DATASET CONTENT -
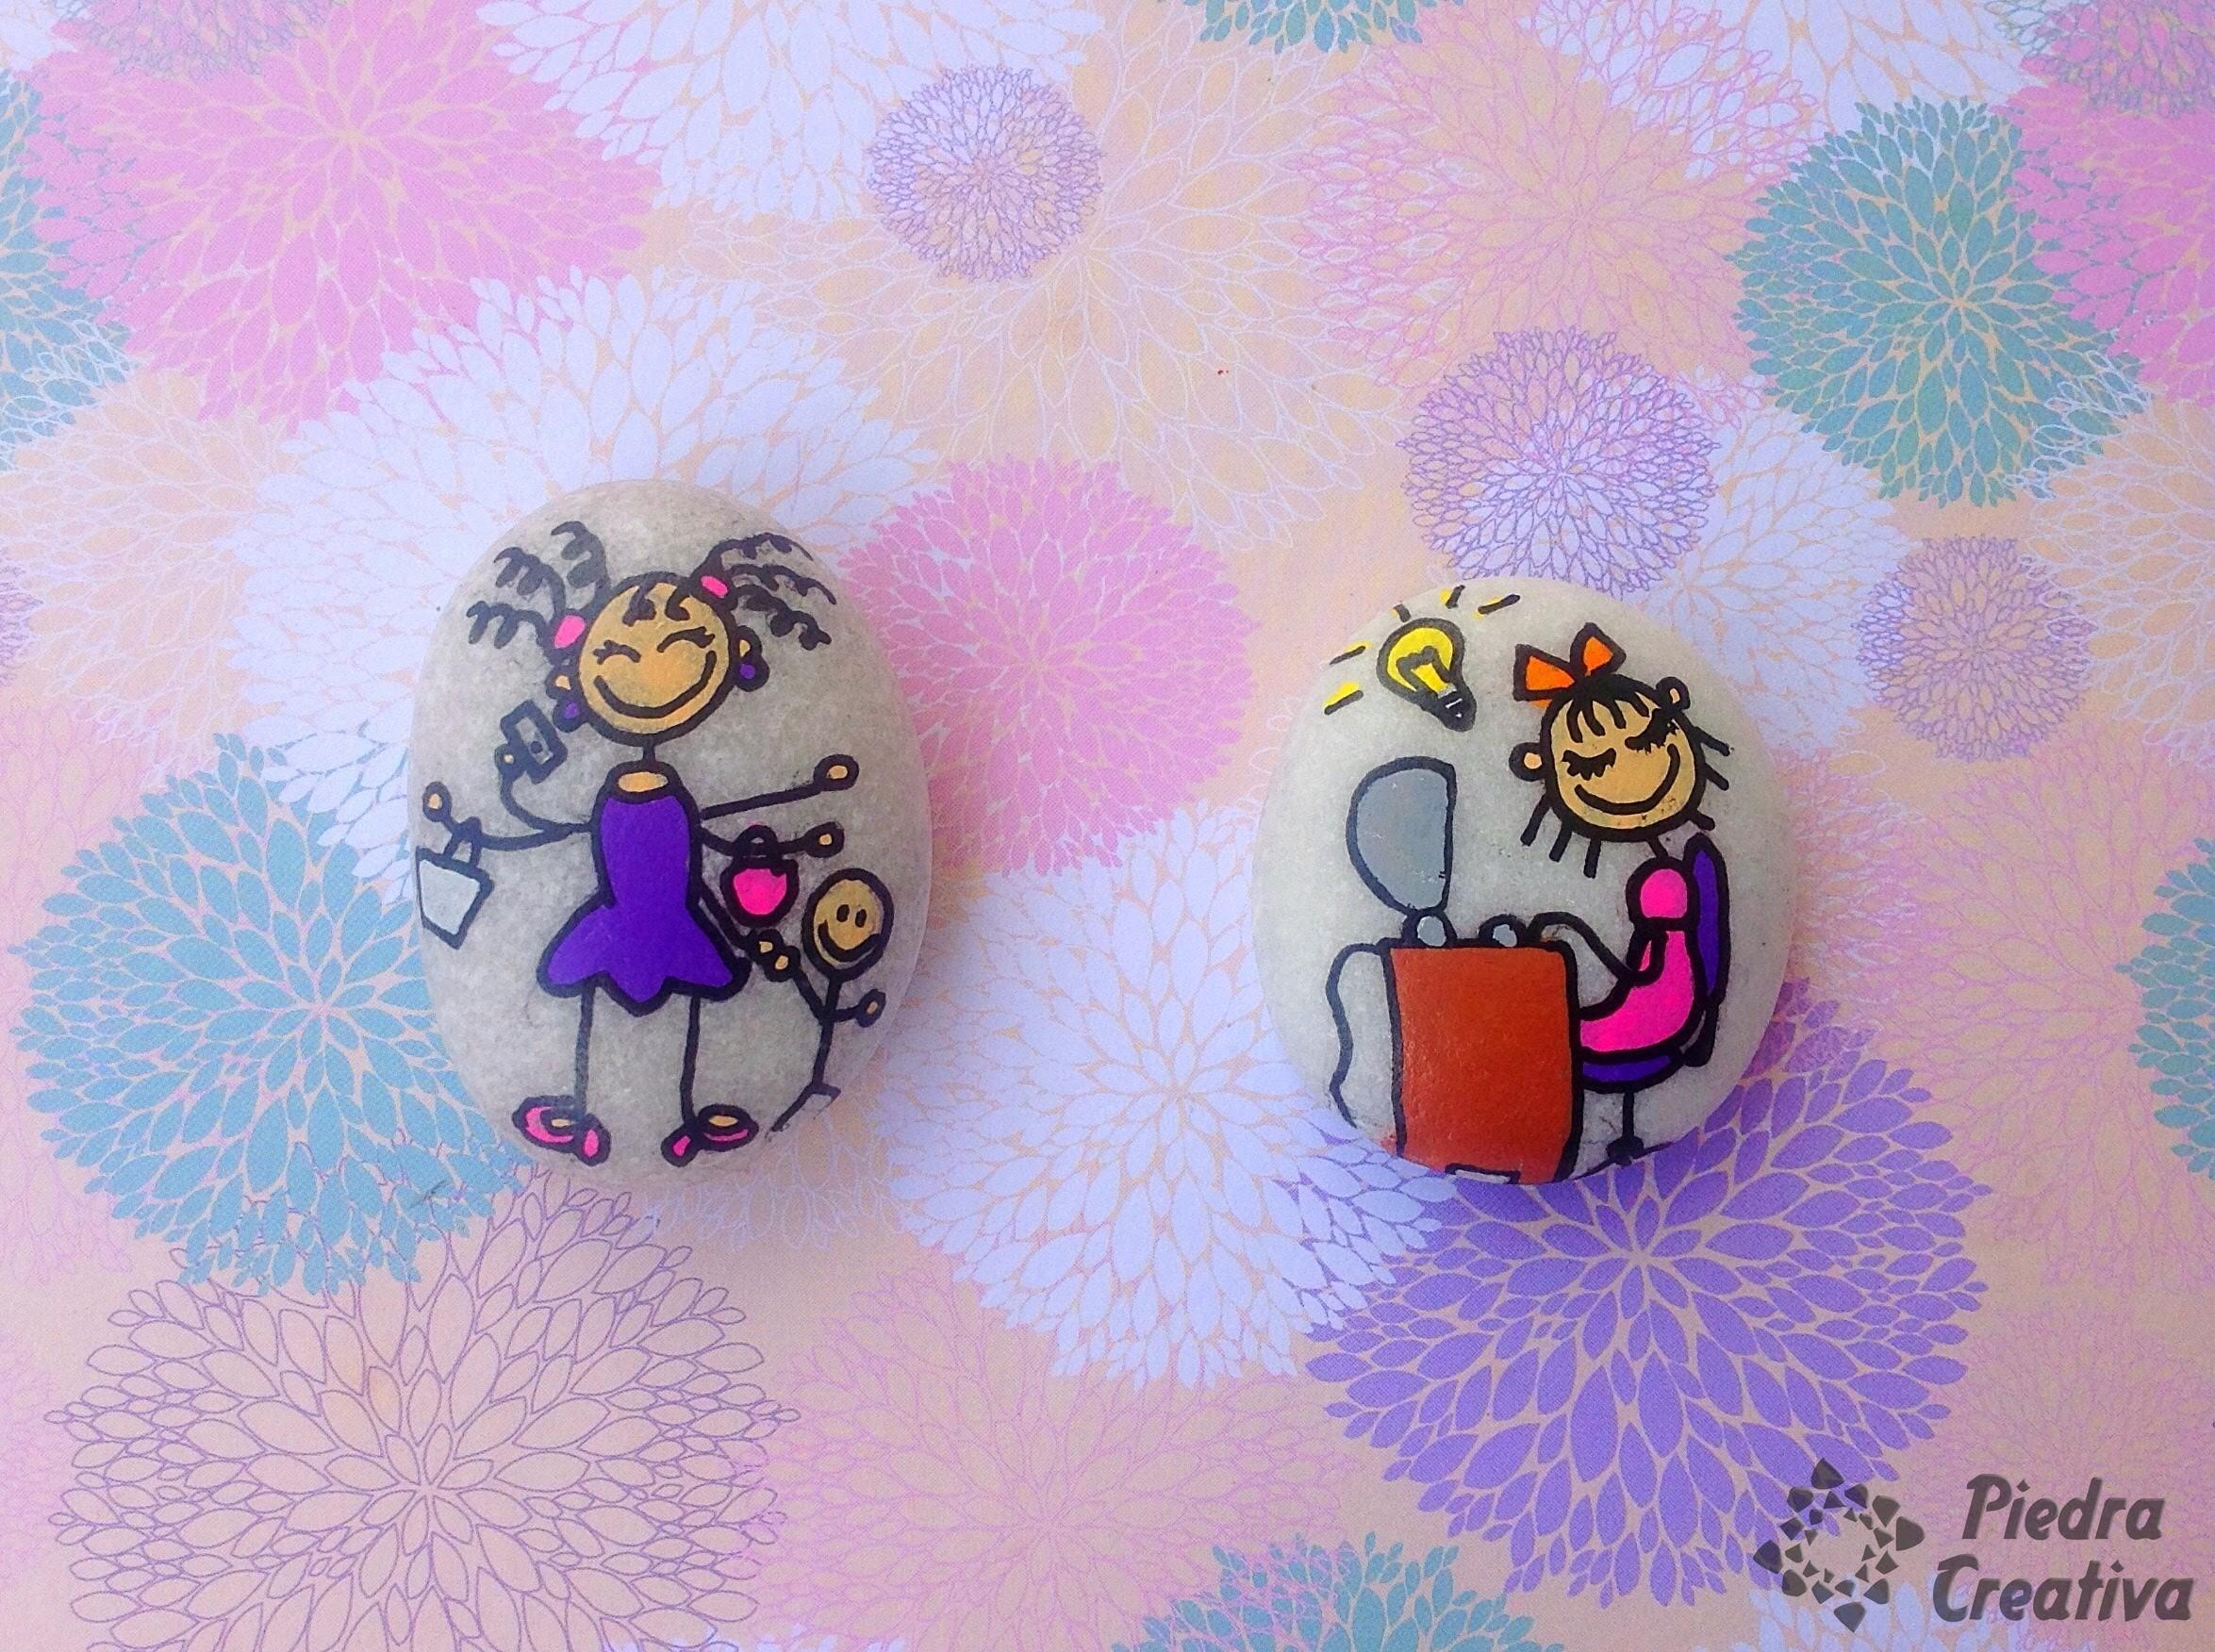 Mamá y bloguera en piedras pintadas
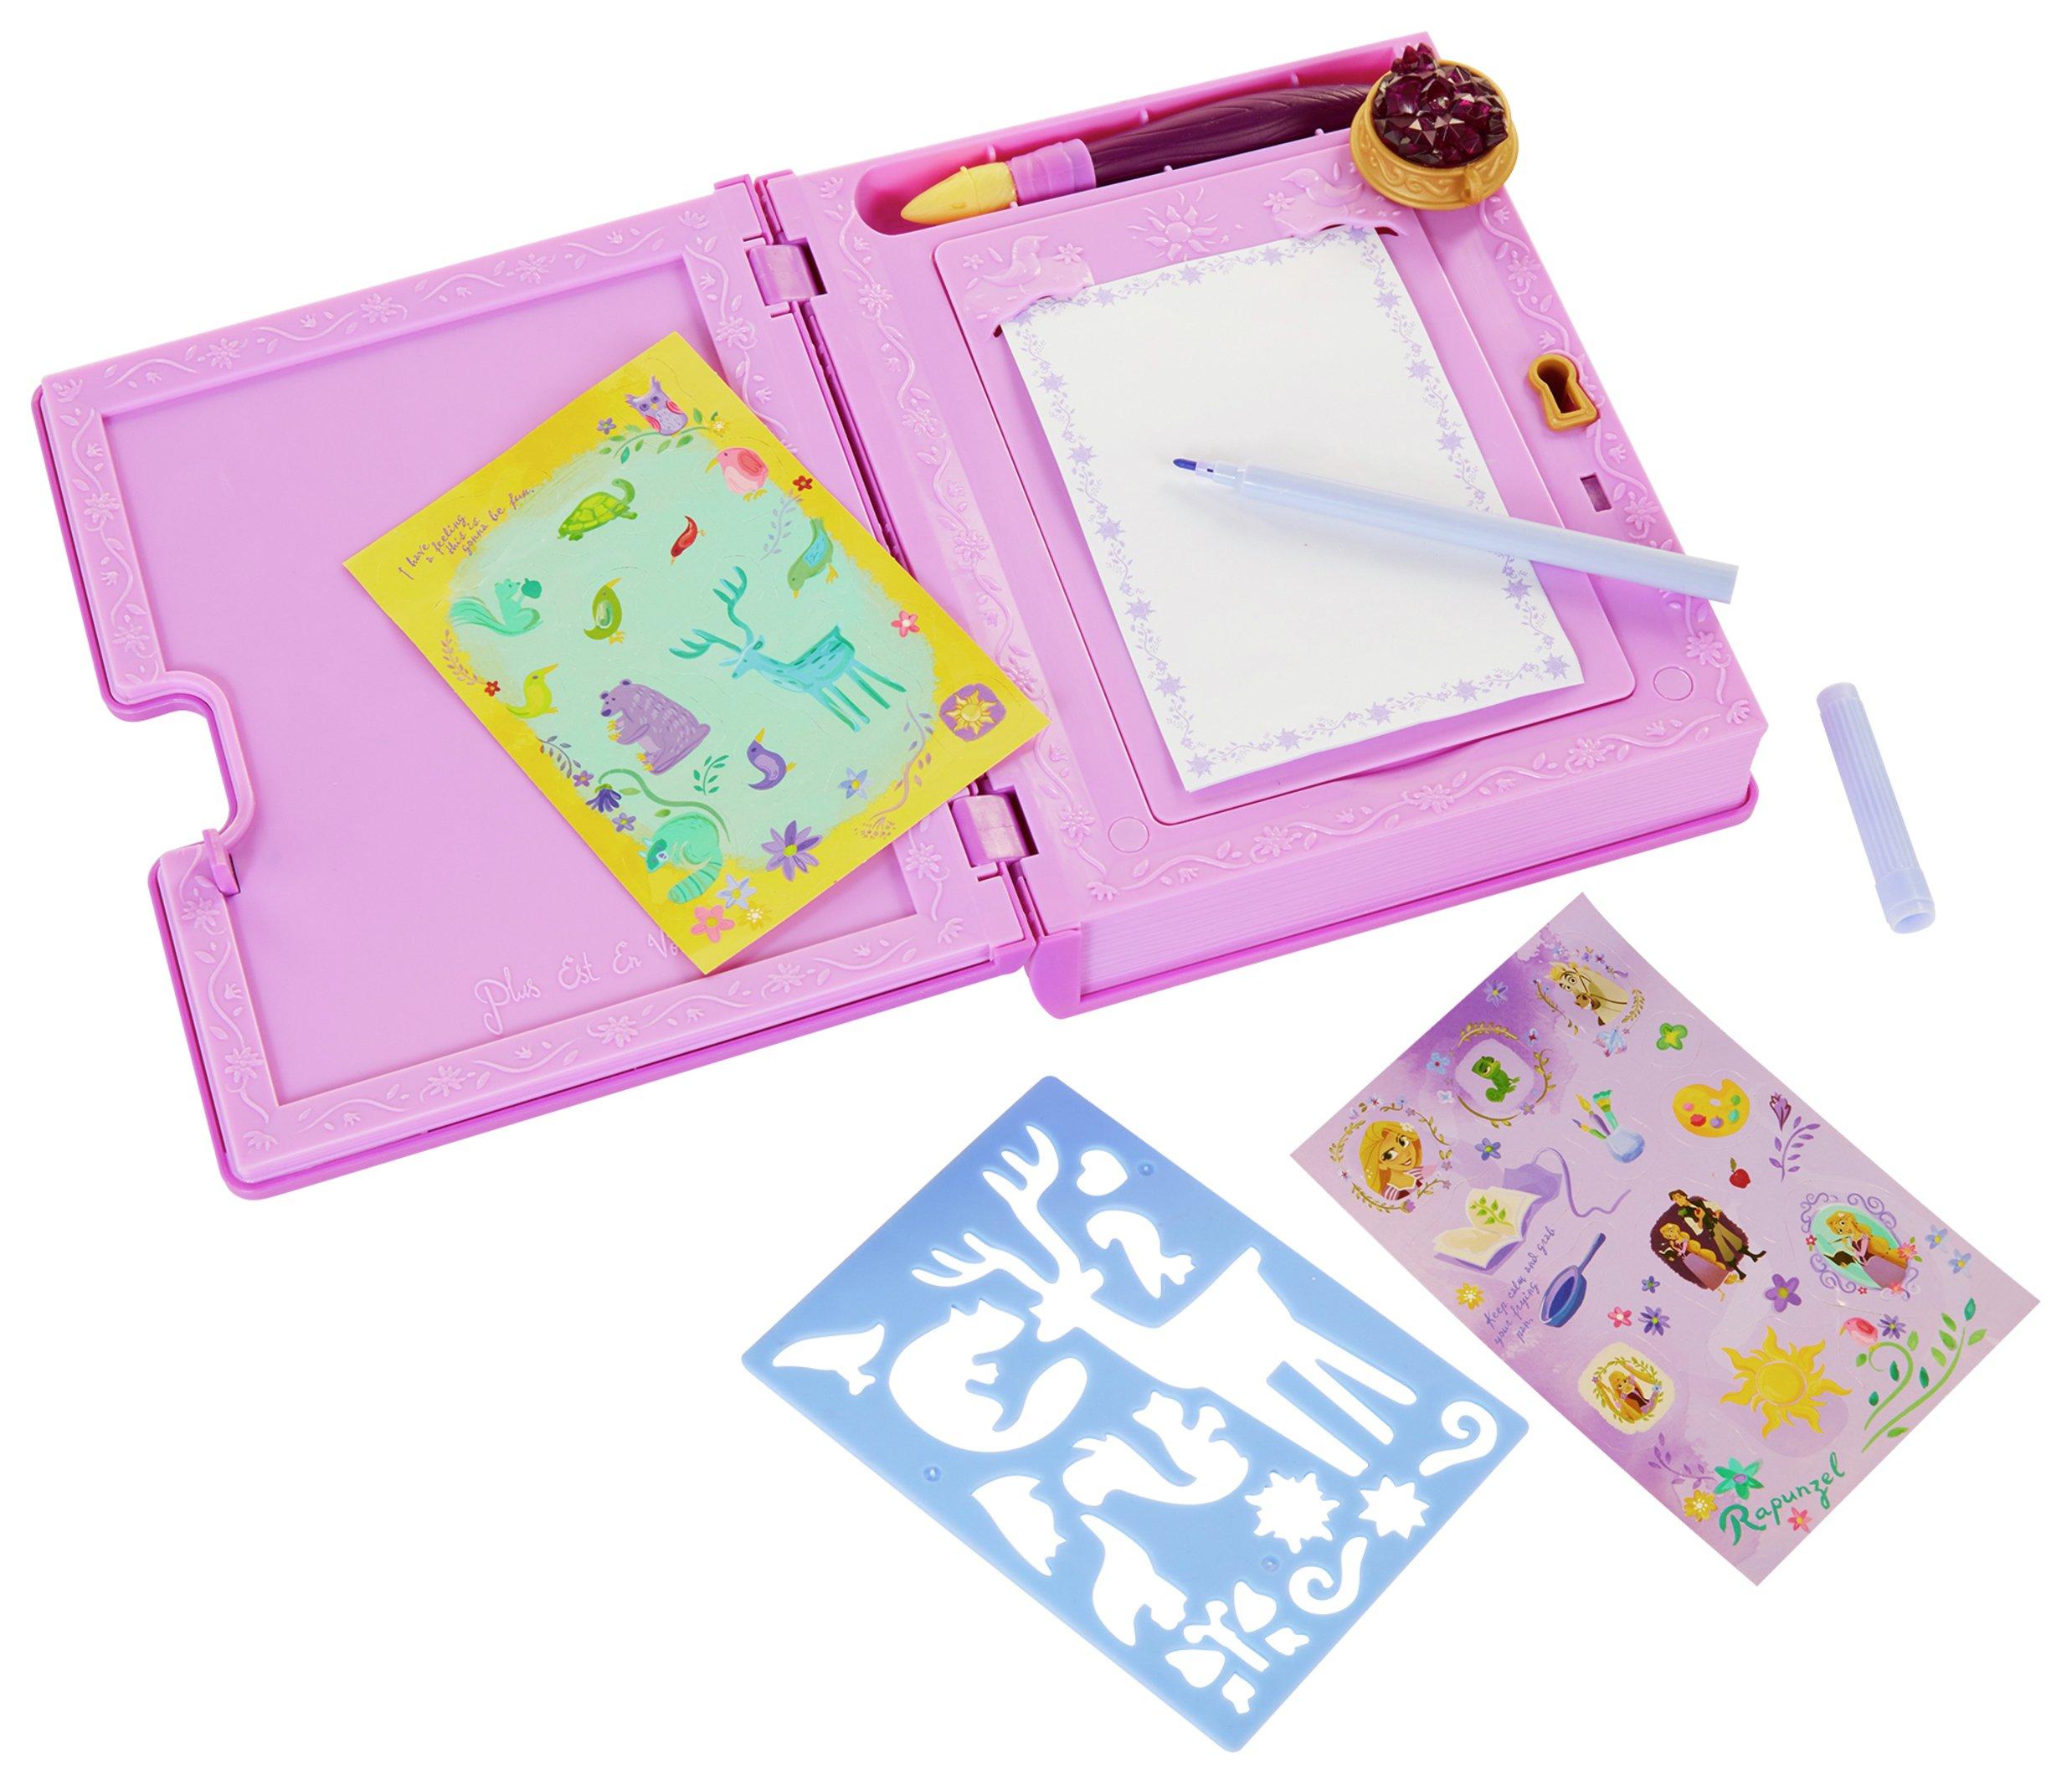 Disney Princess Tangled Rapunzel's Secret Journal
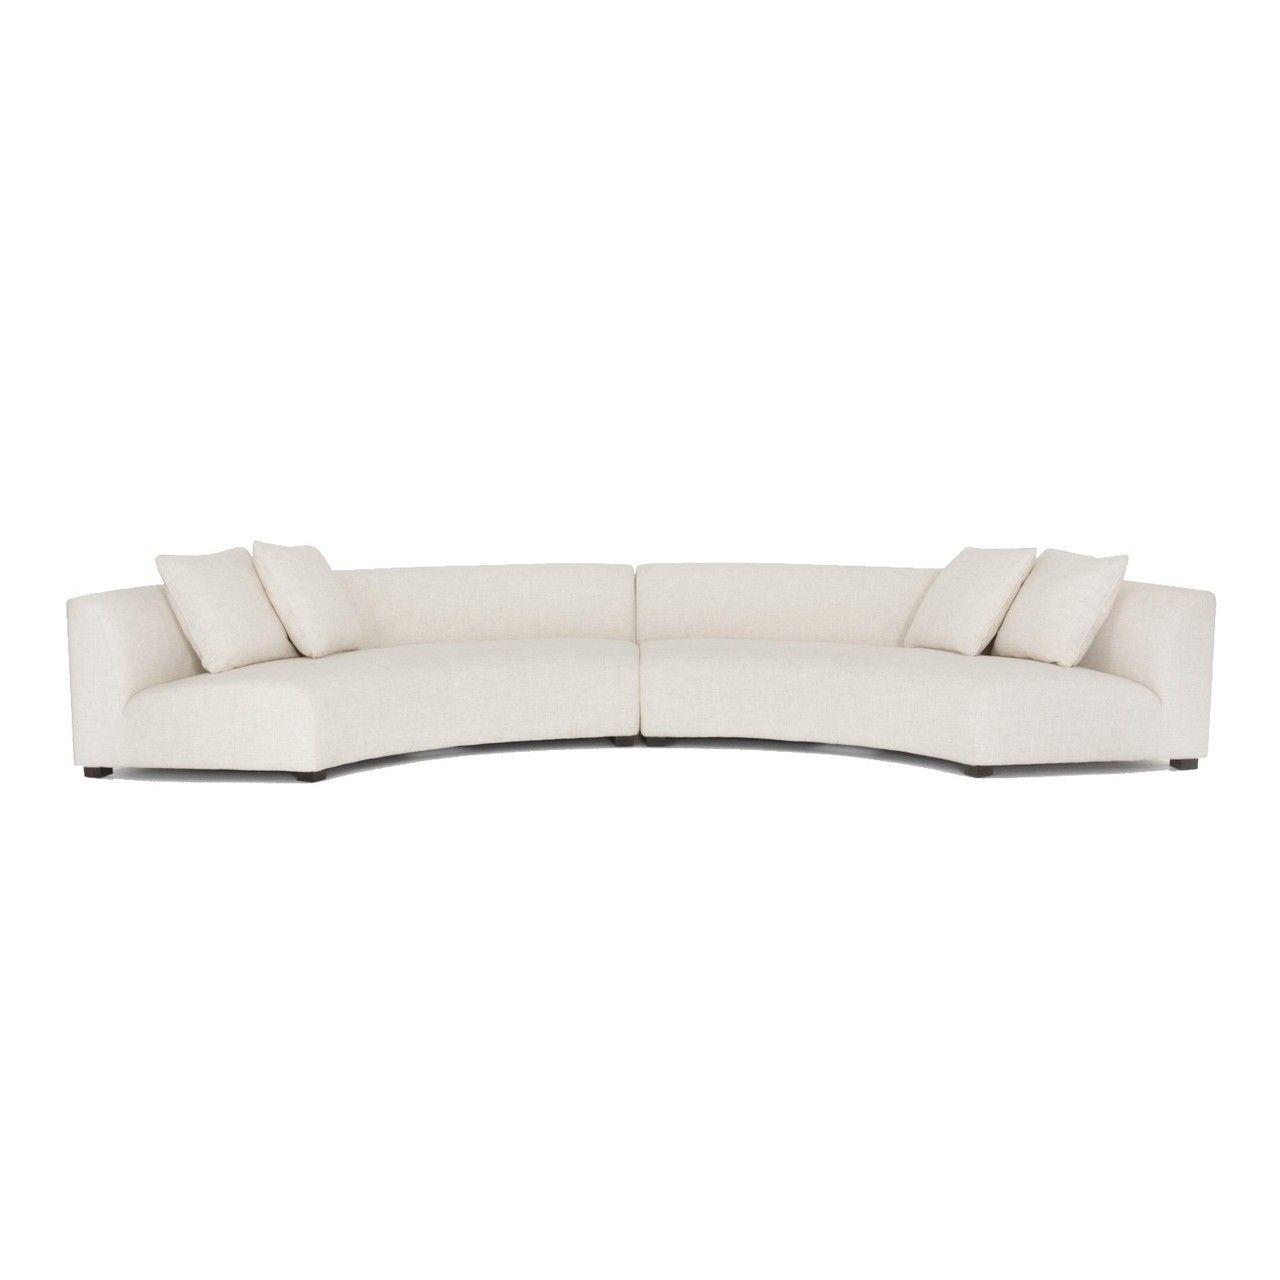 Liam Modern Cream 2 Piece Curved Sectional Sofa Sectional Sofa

ACTIVITY -
Give back word for word the lines from the one containing "Disney Princess Tangled" through the final line of the data above. Pictures are to be left out.

EXERCISE RESPONSE -
 Disney Princess Tangled Rapunzel's Secret Journal
 Liam Modern Cream 2 Piece Curved Sectional Sofa Sectional Sofa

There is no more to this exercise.